# I have a sick pigeon, fluffed up, looking very unwell



## Bella_F (Nov 29, 2008)

Today one of the wild flock of pigeons came to my back steps. He looked fluffed up & unwell, tucking his head right into his neck. His eyes look pained and he's been blinking slowly. I offered him seed, bread soaked in water, and a water dish. He pecked at the seed and bread, and afterwards pooped three watery poops, with some green solids and white in them. 

He didn't improve by lunch time, and had moved to a dark spot under the house to stand. So I shepharded him gently into a dog carrier lined with a thick layer of bedding straw, and soft layer of tissues on top of that. He has seed and a bowl of water with antibiotics in it. When I felt him he did not resist, and he felt skinny. 

I only have antibiotic powder on hand with a wormer. Is there anything more i should do for him for the night ahead? How important is extra heating? The vet doesn't open up until the morning. He's still standing, he has moved near his food and water bowls (not sure if he's taking anything in though)

Thanks for your help!


----------



## Reti (Jul 20, 2003)

Sick birds do need some extra heat to conserve their energy, please provide him a heating pad, or hot water bottle.
Do not give him de-worming meds yet, it is not indicated for the very sick.
Try to give him water if you can with a syringe, he is probably dehydrated. He would need about 10-15% of his body weight of water, then let him be for a while. After that you can feed him a think formula.
Have you checked for signs of canker?

Reti


----------



## Skyeking (Jan 17, 2003)

Please follow the information on this thread first Basic Steps to saving a Pigeons Life:

http://www.pigeons.biz/forums/showthread.php?t=11265


----------



## Feefo (Feb 8, 2002)

> Have you checked for signs of canker?


The "slow blink" can be a symptom of canker.

Cynthia


----------



## Bella_F (Nov 29, 2008)

Thanks for your help ! I must be in a different time zone because I had already gone to bed before I received any replies. I read as much as I could about crop feeding and crop medicating before i went to sleep. I don't have an experience or equipment on hand. If he makes it until vet opening hours, I will get him on treatments for canker and Coccidia immediately, and I'll feed and hydrate him.

For heating all I had was a radiant heater, so I put it close by his carrier for the night.

Its 3 am now- should he be left to sleep or should I make an attempt to rehydrate him immediately do you think?


----------



## Bella_F (Nov 29, 2008)

I decided to give him some rehydrating solution as suggested on the forum- warm water witha pinc of salt and honey mixed into it. I think my technique is not so good, but at least he's swallowing. I got about 5-10 ml's into him, which slightly perked him up, then I returned him to his cage to sleep. He seems warm, and there were no signs of canker around the mouth. He's very thin.


----------



## Grimaldy (Feb 25, 2007)

Hi BF,

The problem with the bird is fairly obvious; it is malnourished. Just like a human, any creature that is half starved will be susceptible to disease or any illness that comes along; a healthy well-fed bird would just shrug it off.

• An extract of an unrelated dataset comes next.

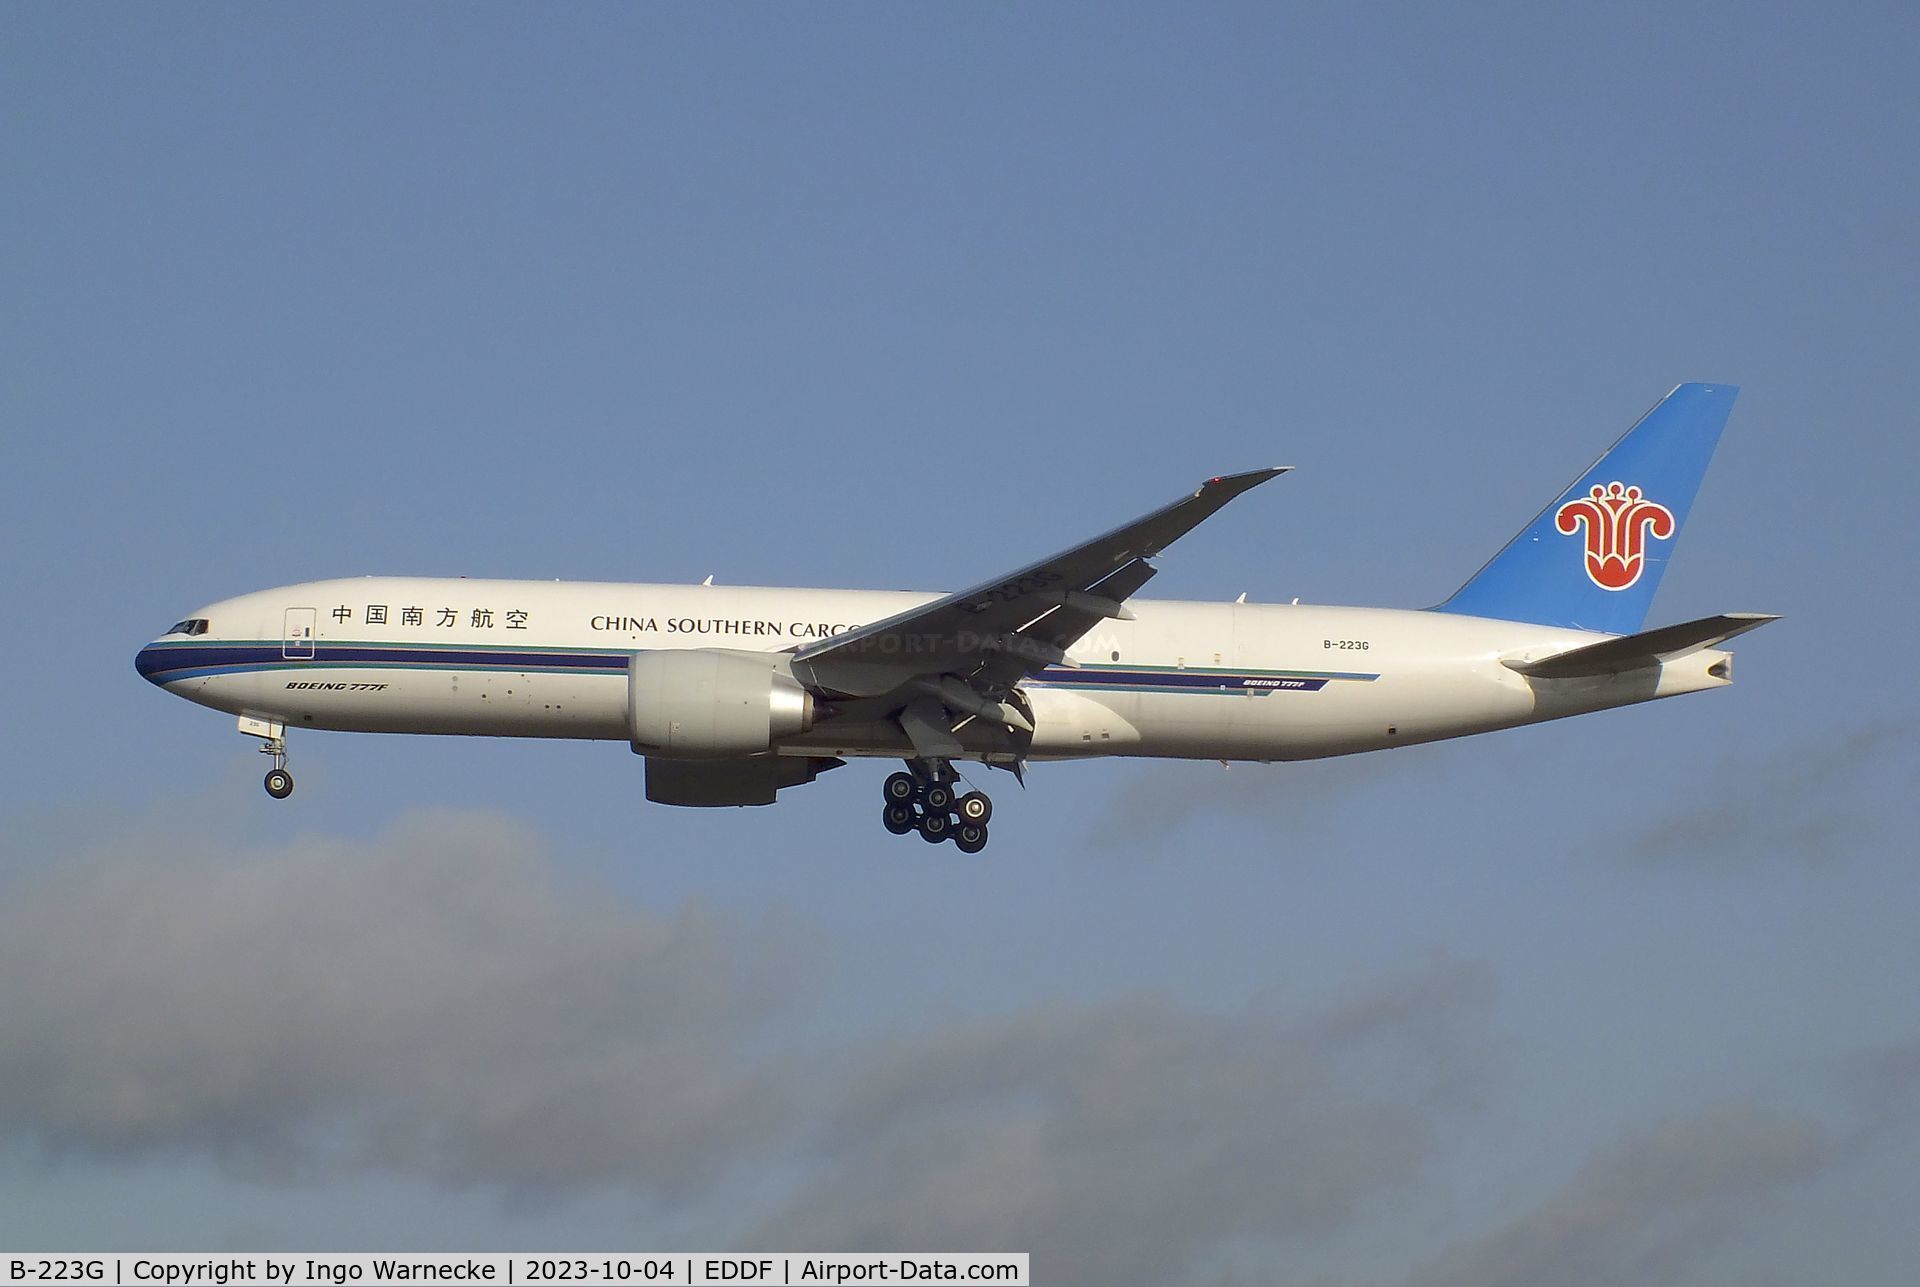 B-223G, 2023 Boeing 777-F C/N 67821, Boeing 777F of China Southern Cargo on final approach to Frankfurt-Main airport

Do not worry about technique, you are doing great; the bird is continuing to live under your care and that is all that matters. Do what you can to get calories and rehydrating fluid into it, keep it warm. Its own immune system will handle 90% of any problem if it has adequate food and clean water.

Best


----------



## Bella_F (Nov 29, 2008)

Hi Grimaldy,

Thanks for your support, it means a lot I agree he's malnourished, poor little thing. The reason I suspect disease (or even poisoning) is that I feed these pigeons twice daily, as well as supply fresh water. They used to be so healthy looking, but since the breeding season we've seen birds with canker and pox, as well as other ill birds.

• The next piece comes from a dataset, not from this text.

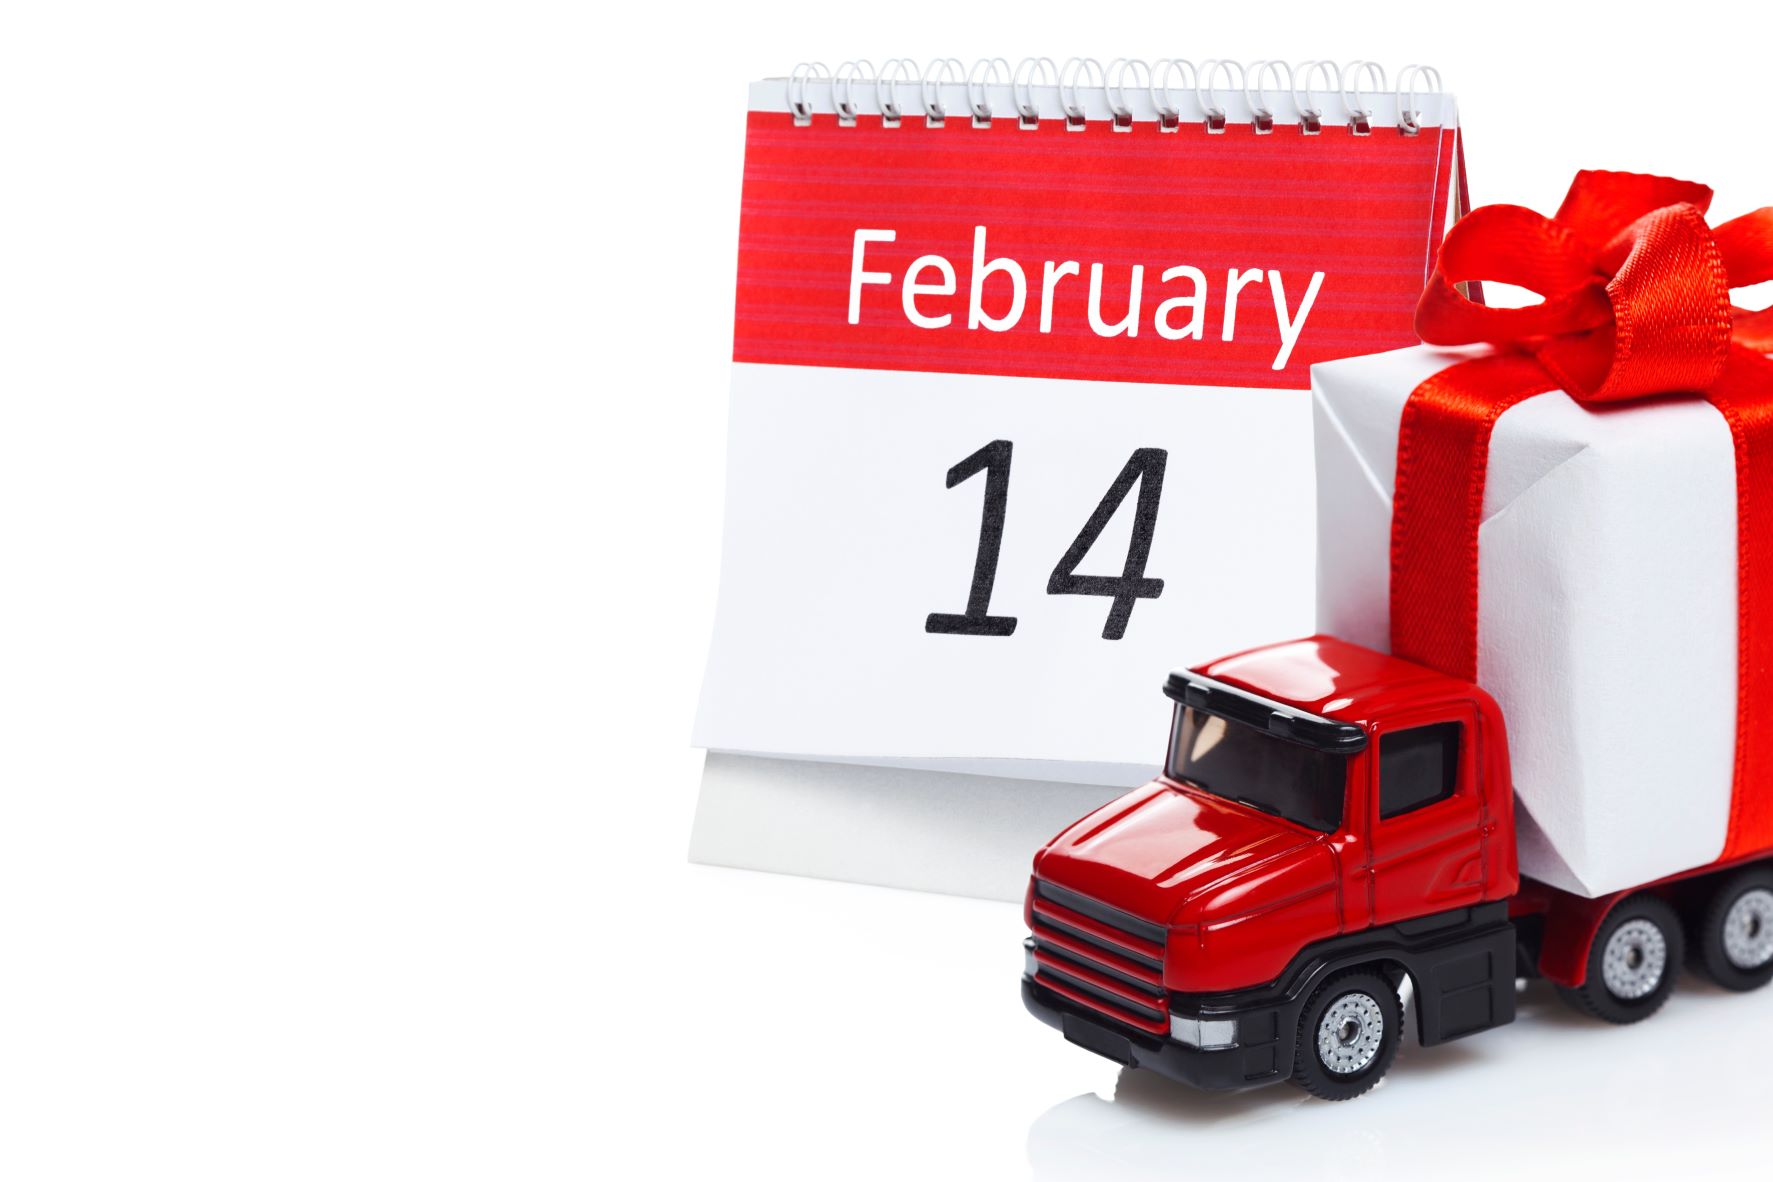 A small toy truck in front of a calendar that says February 14

I guess the food could be attracting problem birds, who need the extra support.


----------



## Grimaldy (Feb 25, 2007)

Yes, you may remember those pictures of the children in Serbia and Montengro during tha Balkan wars. Birds are a lot like that; they want to live too.


----------



## Bella_F (Nov 29, 2008)

He made it through the night, but he deteriorated to the point where he could no longer stand. I kept giving him rehydration fluid, and made up a mixture to feed him. I rang a vet and asked if i could pay them a consultation fee to check him over, do some tests, and have them demonstrate crop feeding and giving his medication to him. The vet was supportive, but then they said that they'd have to order in the crop feeder and Baycox, which wouldn't come until later in the week. 

I knew he wouldn't last that long so I called other vets in the area and a bird carer recommended by the vets. The carer said the only treatment for Coccidiosis is an expensive 6 week course of injections, so I felt that her knowledge was not really up to scratch. None of the other vets had crop feeders or Baycox on hand.

In between calls he took a turn for the worse and started to have difficulty with breathing.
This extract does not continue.